Given data section start

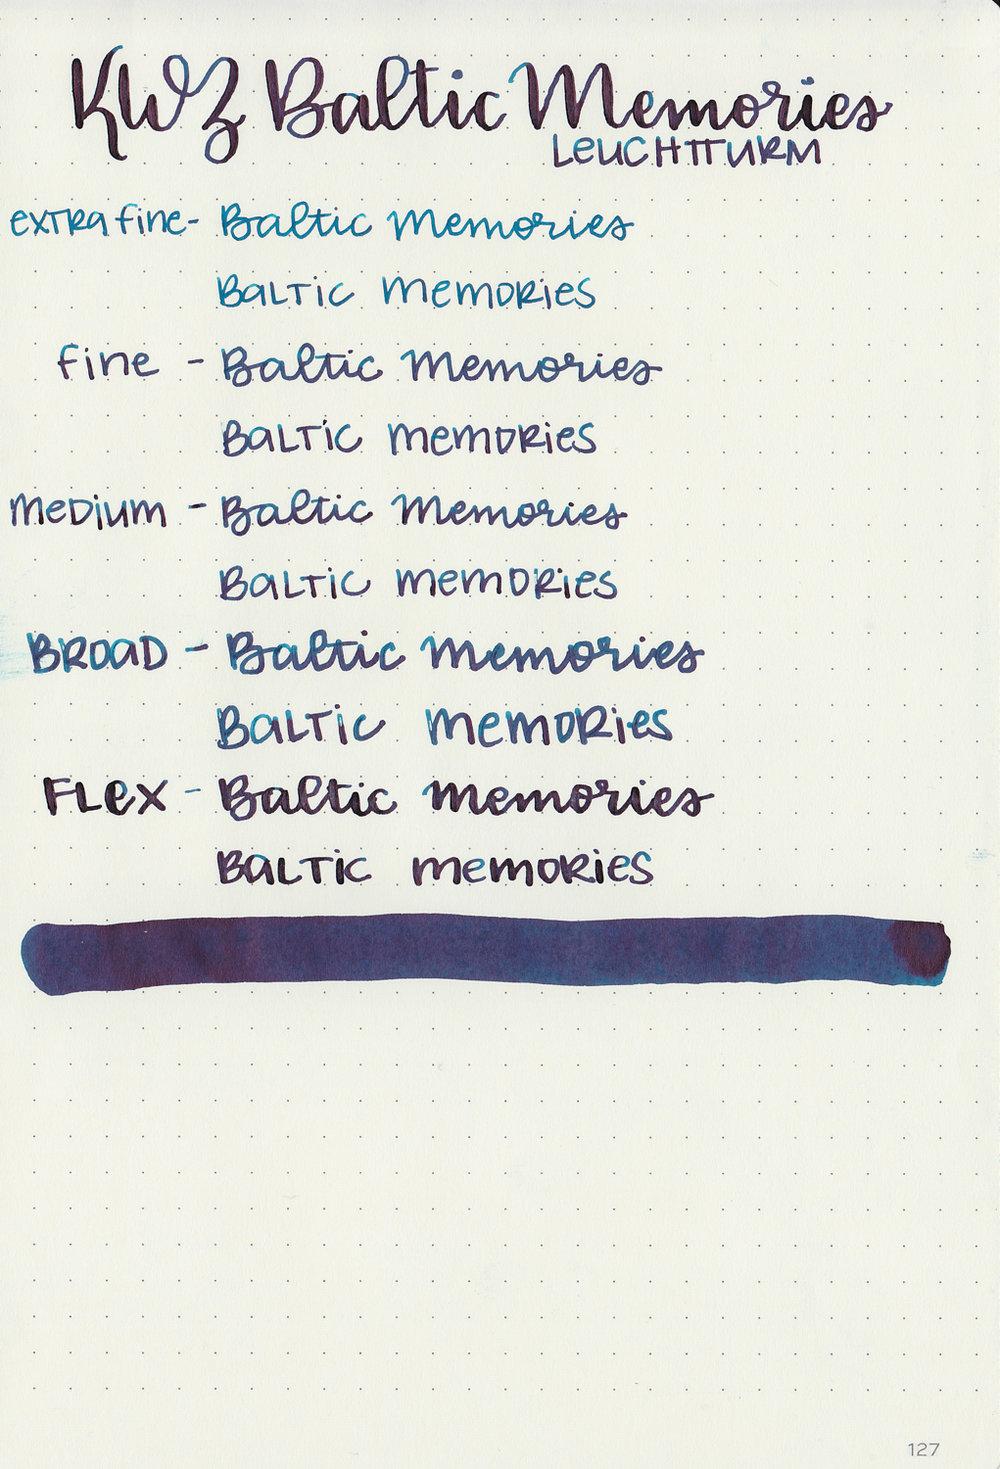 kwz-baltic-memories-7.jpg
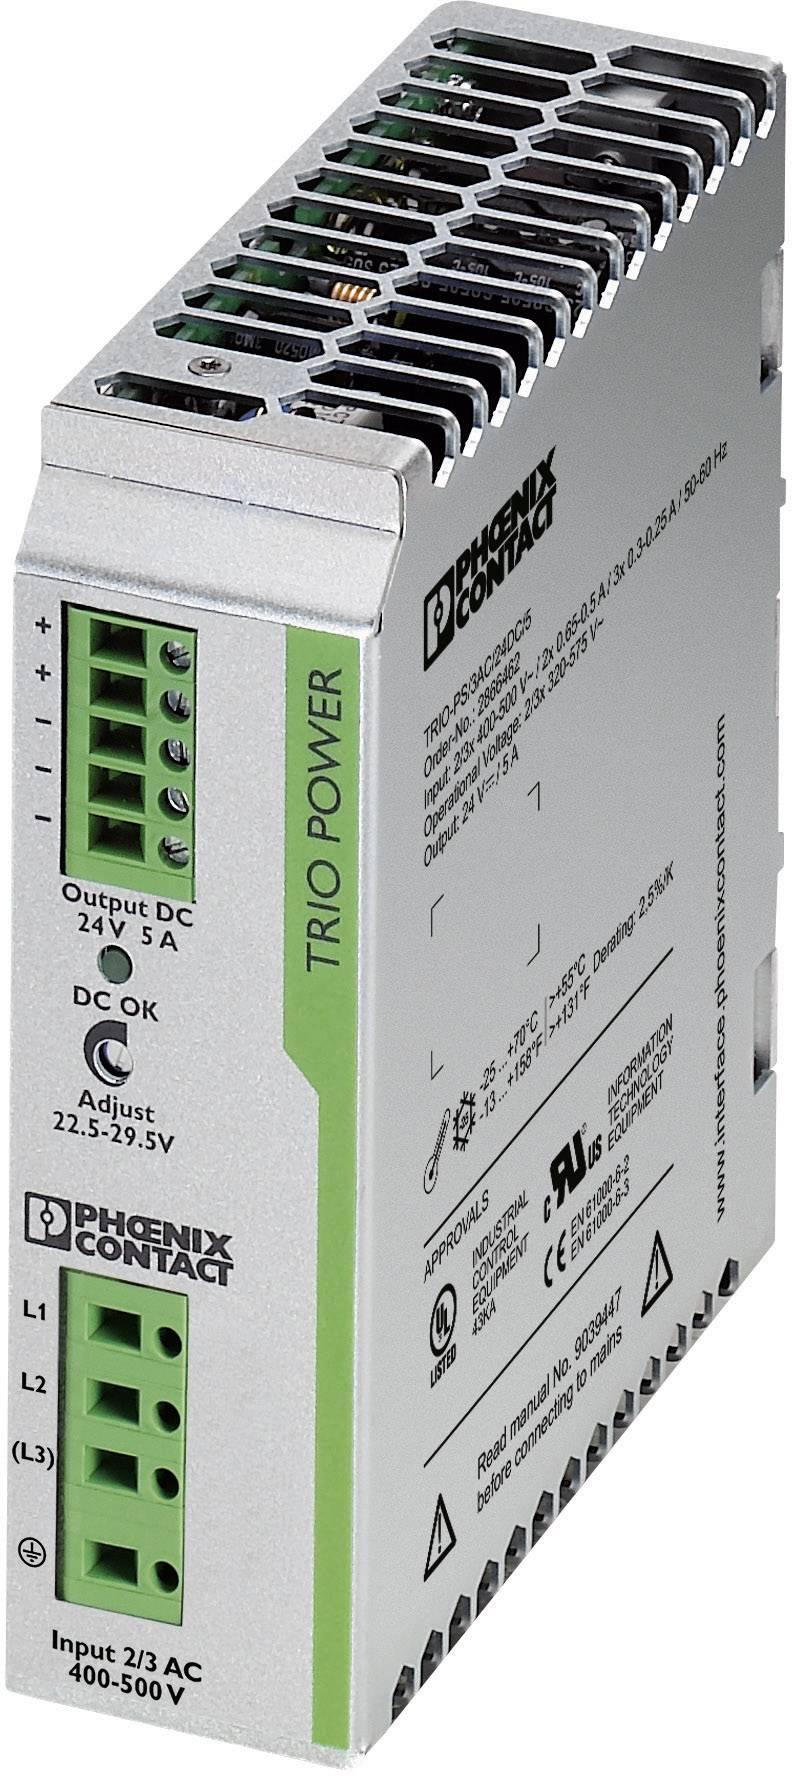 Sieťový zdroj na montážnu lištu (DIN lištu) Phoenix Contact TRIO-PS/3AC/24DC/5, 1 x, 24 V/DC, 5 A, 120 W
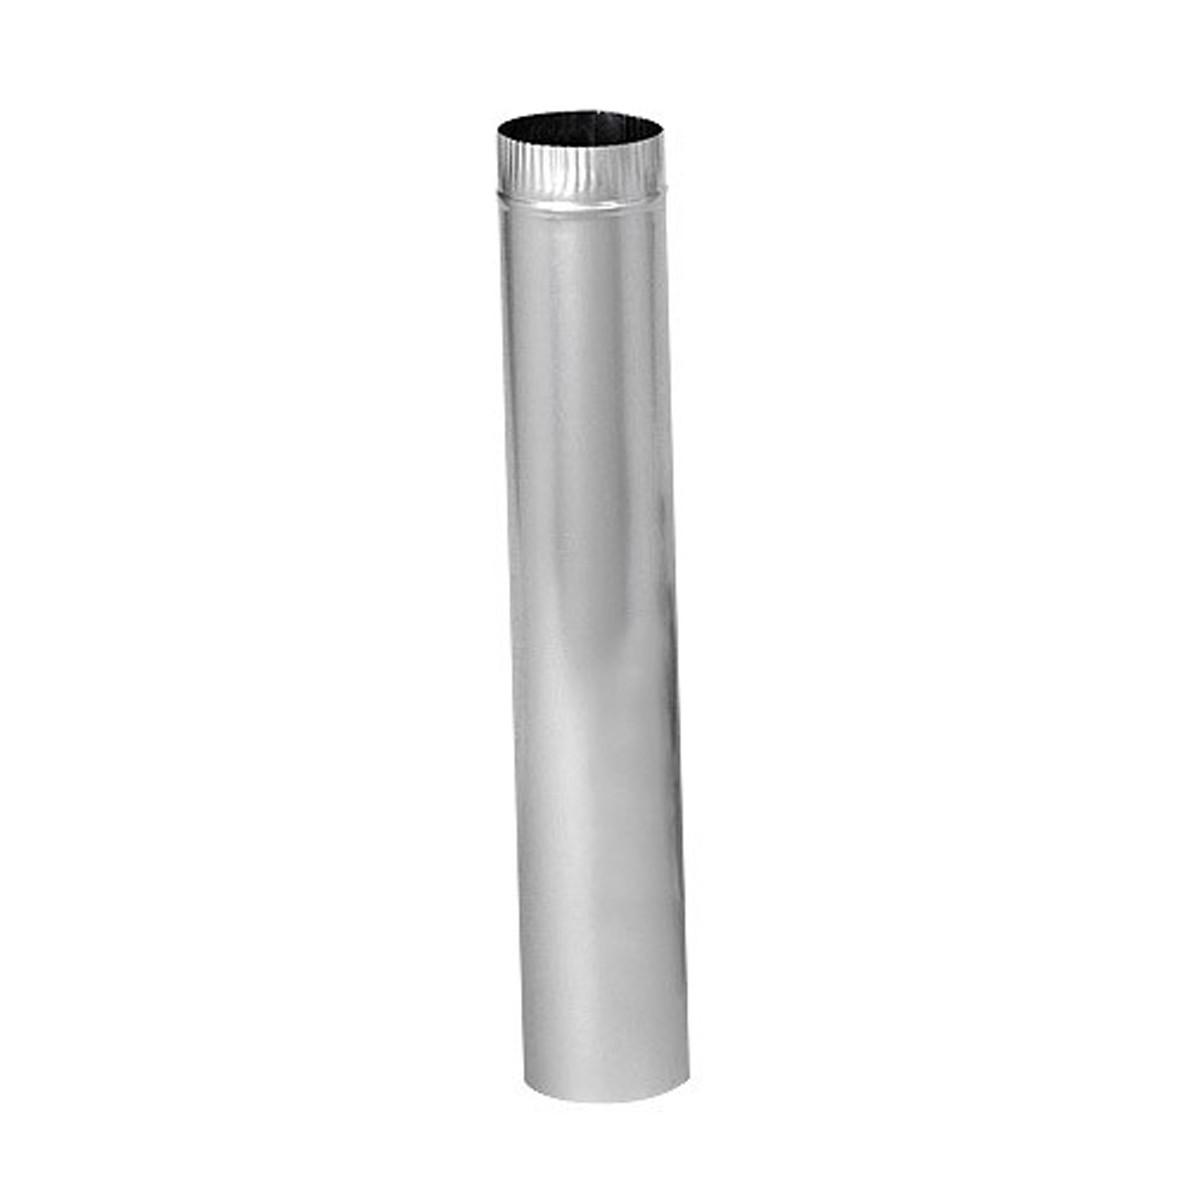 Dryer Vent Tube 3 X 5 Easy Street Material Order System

Given data section end

* Goal of the exercise:
What's needed is every line above, retyped exactly and free of pictures.

* Solution below:
 kwz-baltic-memories-7.jpg
 Sieťový zdroj na montážnu lištu (DIN lištu) Phoenix Contact TRIO-PS/3AC/24DC/5, 1 x, 24 V/DC, 5 A, 120 W
 Dryer Vent Tube 3 X 5 Easy Street Material Order System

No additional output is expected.